KEY POINTS:
Just as its beleaguered producers were searching for ways to stop the haemorrhaging of its audience, CBS Evening News is in the headlines itself, thanks to a sizzling public row about its anchor, Katie Couric, and her slender legs.
Stirring the publicity is Dan Rather, the veteran newsman who occupied the anchor chair for 24 years until his departure under a journalistic cloud in March 2005.
The programme is in the dumps, he said this week, because under Couric it has gone all soft and fuzzy.
He has stirred a debate not just about Couric but also about the viability of hard news in the celebrity era.
When CBS lured Couric away from her perch as co-host of NBC's hit breakfast show, Today, nine months ago, it agreed to pay her US$15 million a year. Executives thought her star-power and perky persona would at least bring younger and female viewers back to a news programme that was already ailing. Instead the ratings continued to slide. Recently, the slide had become a plunge.

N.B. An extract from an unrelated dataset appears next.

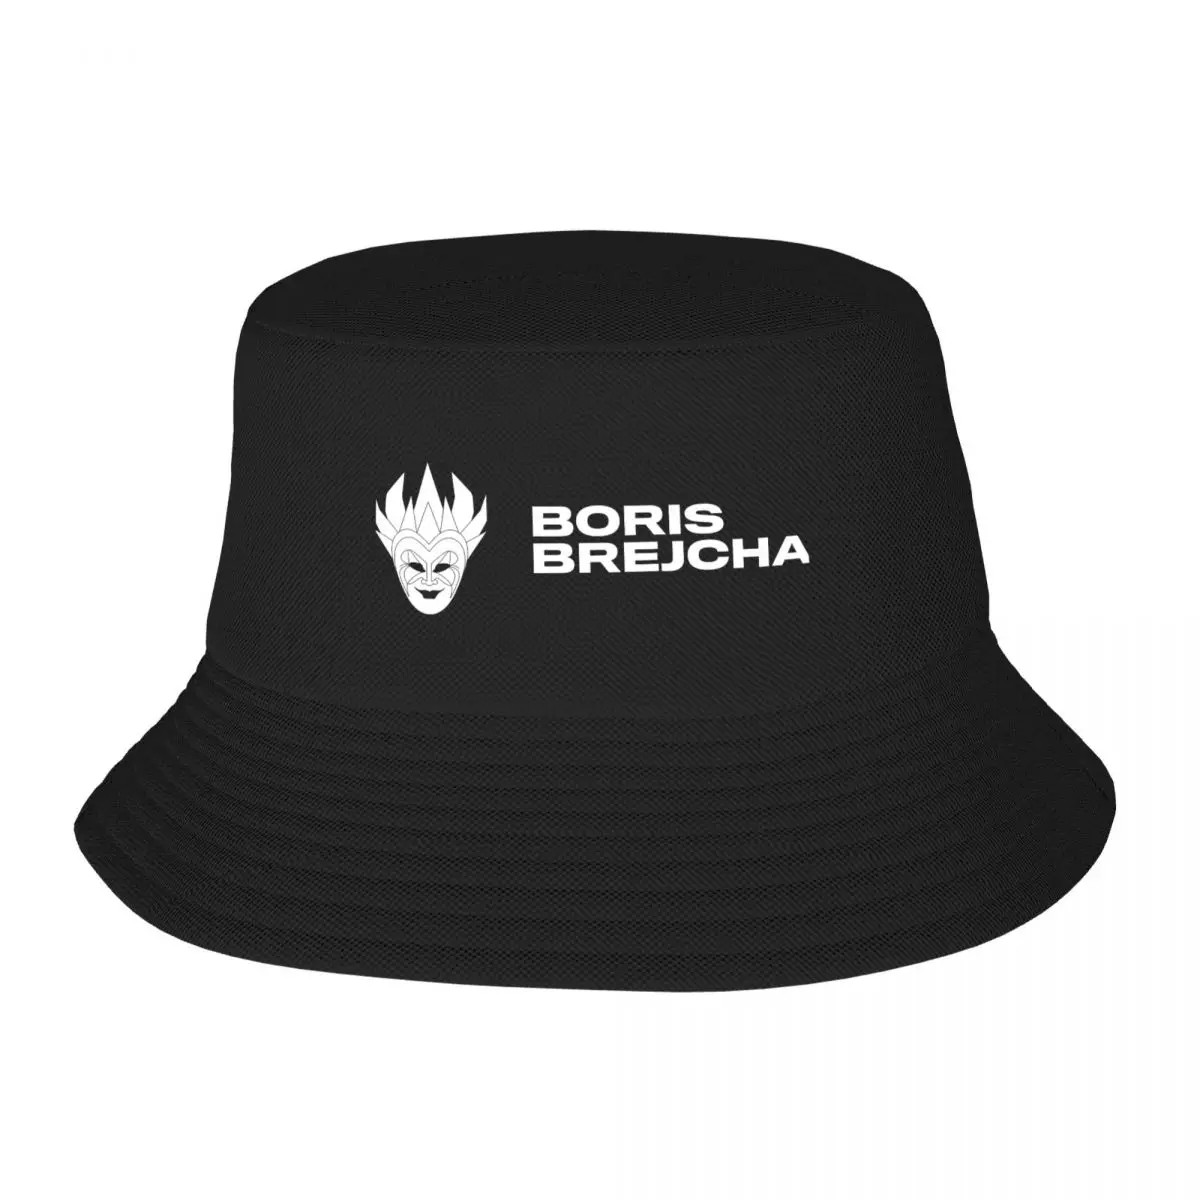 Забавная шляпа рыбака для взрослых DJ BORIS BREJCHA, Регулируемая Шляпа, Модная Повседневная Кепка, Шляпа водителя грузовика

"The mistake," Rather told the MSNBC cable channel, "was to try to bring the Today show ethos to the Evening News, and to dumb it down, tart it up in hopes of attracting a younger audience."
The assault prompted Leslie Moonves, the head of CBS, to strike back at Rather and accuse him flatly of sexism.
Rather returned fire again, saying his comments were less about Couric and more about Moonves, who "doesn't know about news".
Also wading into the fray, the recently hired chief producer for the news programme, Rick Kapla, denied the bulletin was eschewing hard news.
"I wish Dan was watching more closely," he complained. "A lot of people here are very disappointed with him ... They went through some very dark days with Dan, and they don't like hearing that they're not doing the news. They damn well are."
No one can deny the programme is in trouble, however. It badly trails the competition on ABC and NBC and last month broke a record with the lowest numbers for a network news show in 20 years.